Search code examples
amazon-redshiftamazon-redshift-spectrum

Redshift JSONPaths file for dynamic json file


Given the below json object

{
  "player": {
    "francesco totti": {
      "position": "forward"
    },
    "andrea pirlo": {
      "position": "midfielder"
    }
  }
}

I would like to import the above file into Redshift as the below rows

name, position
"franceso totti", "forward"
"andrea pirlo", "midfielder"

The thing is the 'player' object has a dynamic number of objects each hour(cadence of when I import into Redshift). For example, the next hour run may look like the following.

{
  "player": {
    "fabio cannavaro": {
      "position": "defender"
    }
  }
}

Is it possible to use a JSONPaths file to import this file every hour or does it require preprocessing?


Solution

  • You can reuse the jsonpath file as much as you like. You will just need to rerun the COPY statement but remember this will add rows to the table - not replace them. If you are replacing then you will want to clear the table out first (delete, drop/recreate, truncate - each with its own performance and limitations).

    Now your json format isn't going to work for Redshift AFAIK. You have the player name as the field identifier and want to set this as the value of a column.

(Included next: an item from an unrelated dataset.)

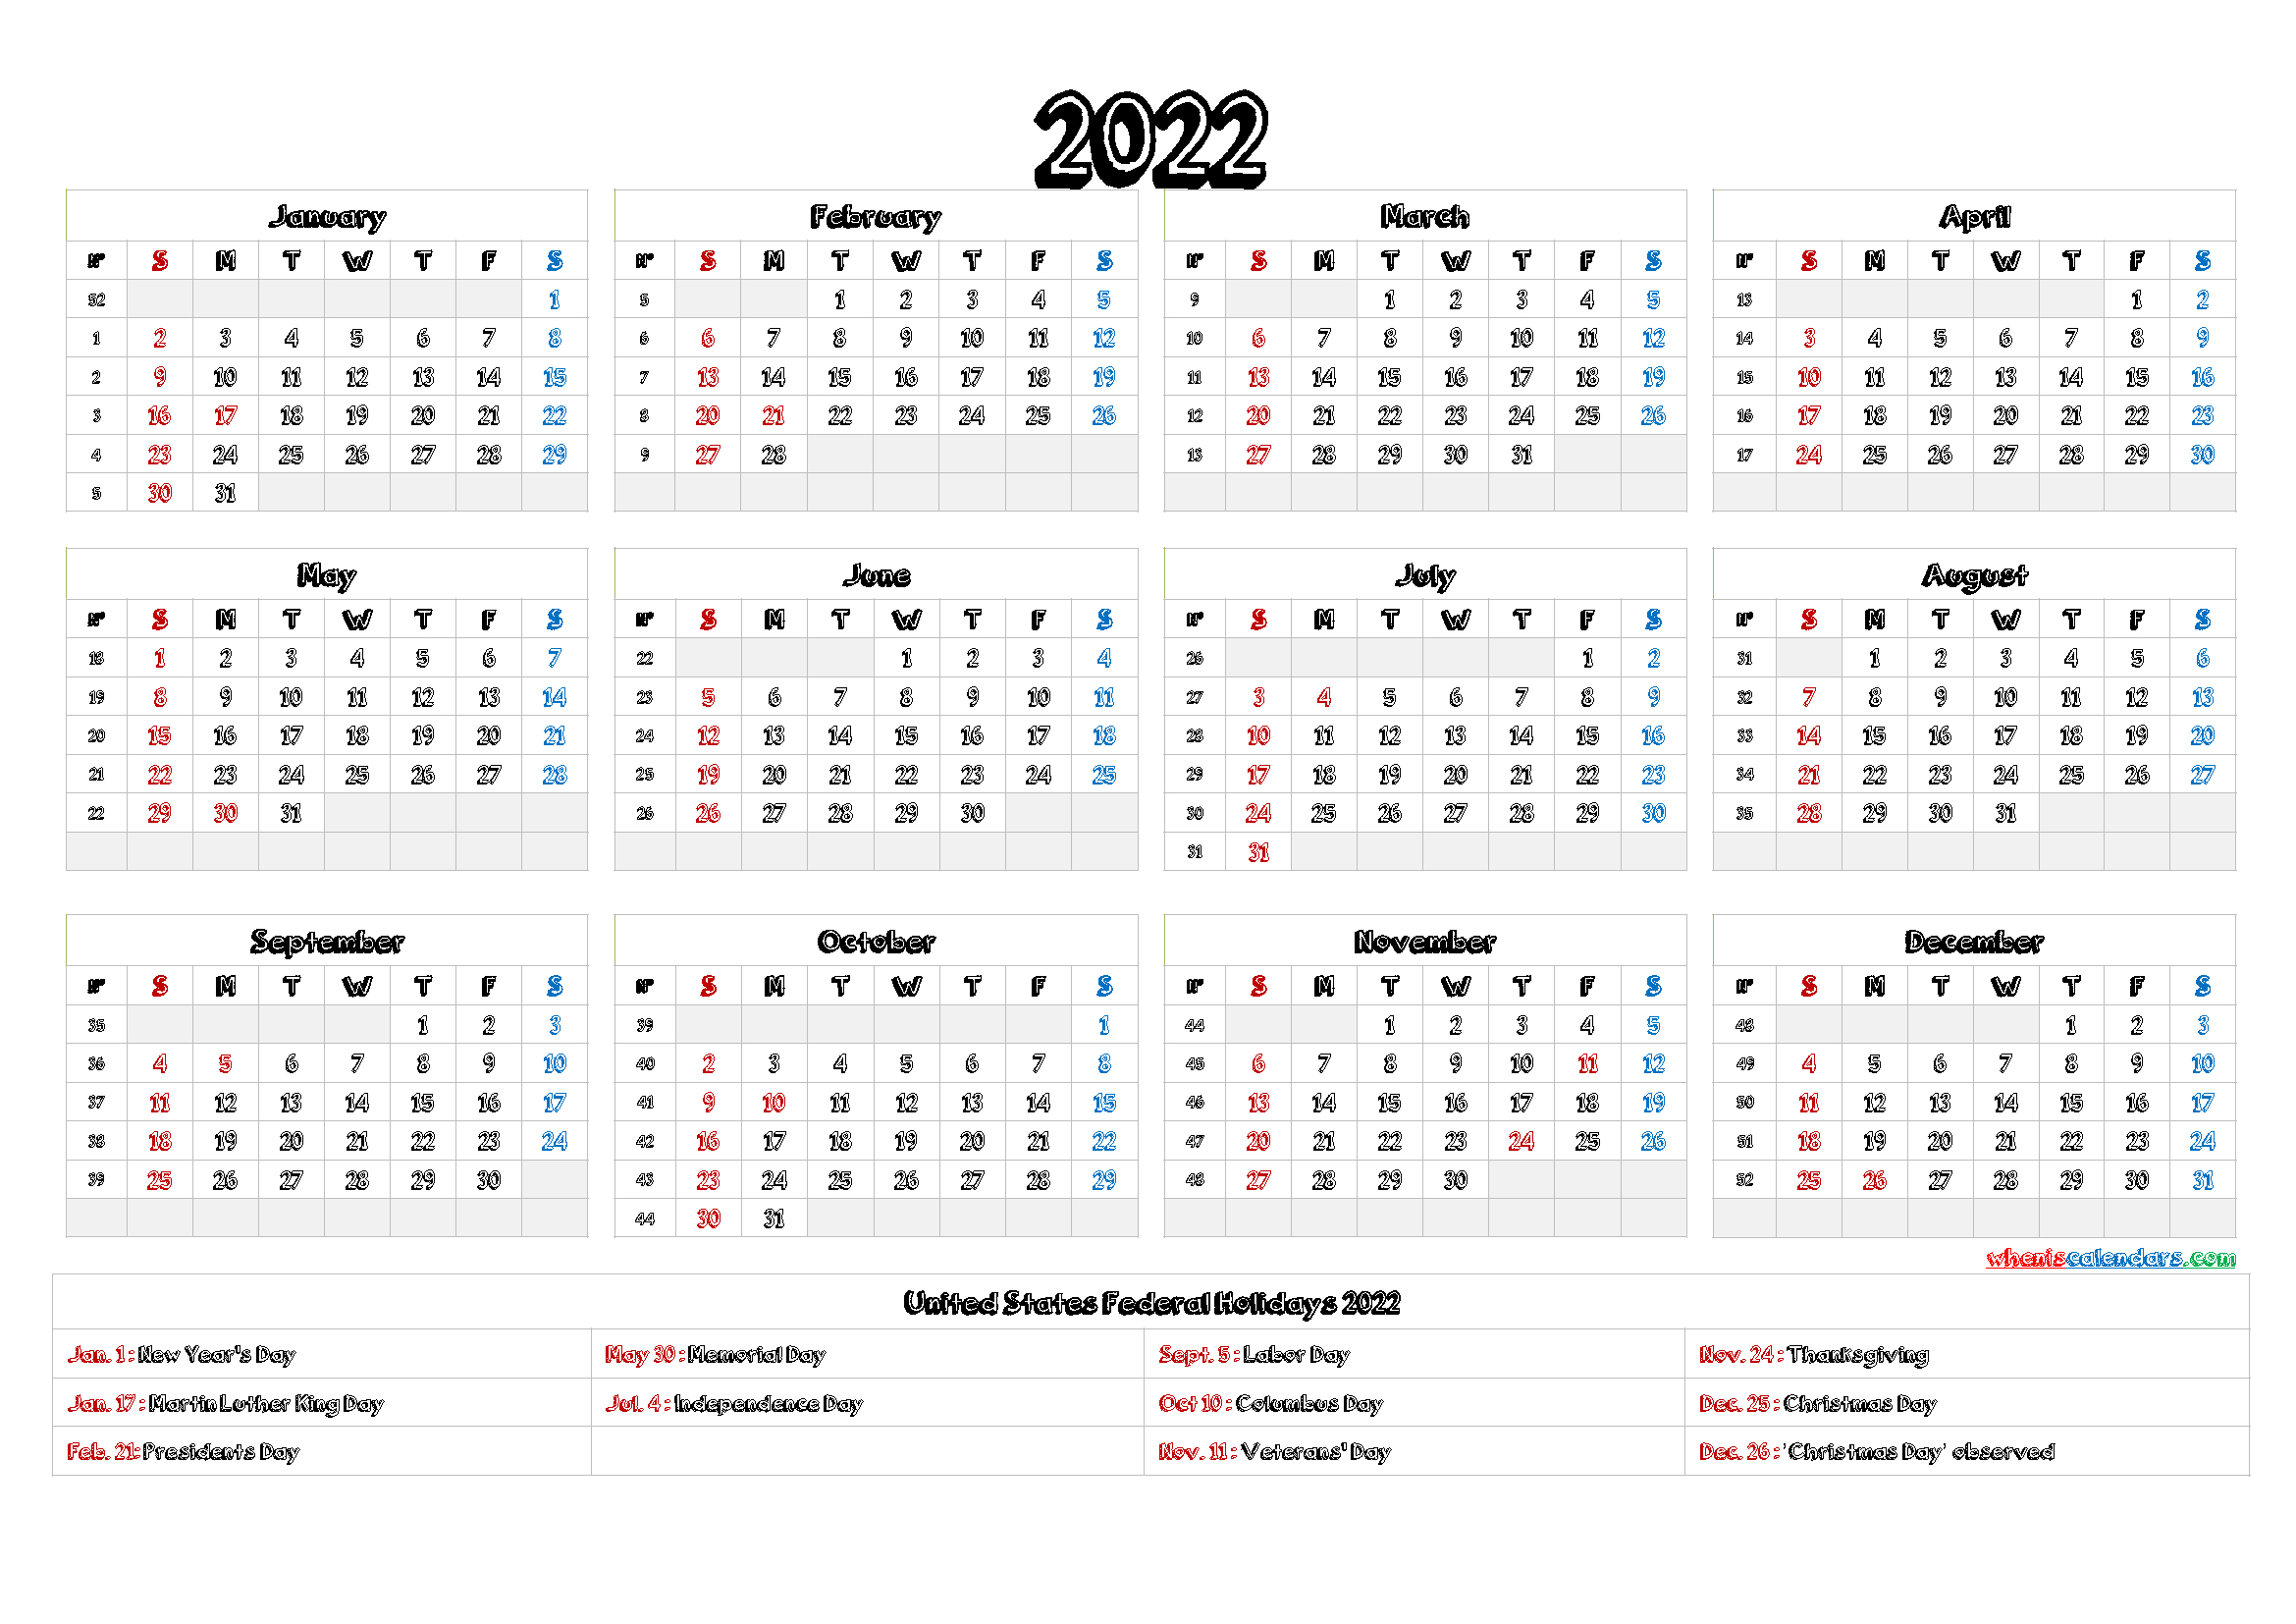 Take March 9 2022 Calendar

You will want something like this (sorry these aren't tested):

    {
      "player": {
        "name": "francesco totti",
        "position": "forward"
        }
    },
    {
      "player": {
        "name": "andrea pirlo",
        "position": "midfielder"
        }
    }
    

    And a jsonpath like this:

    {
        "jsonpaths": [
           "$.player.name",
           "$.player.position"
        ]
    }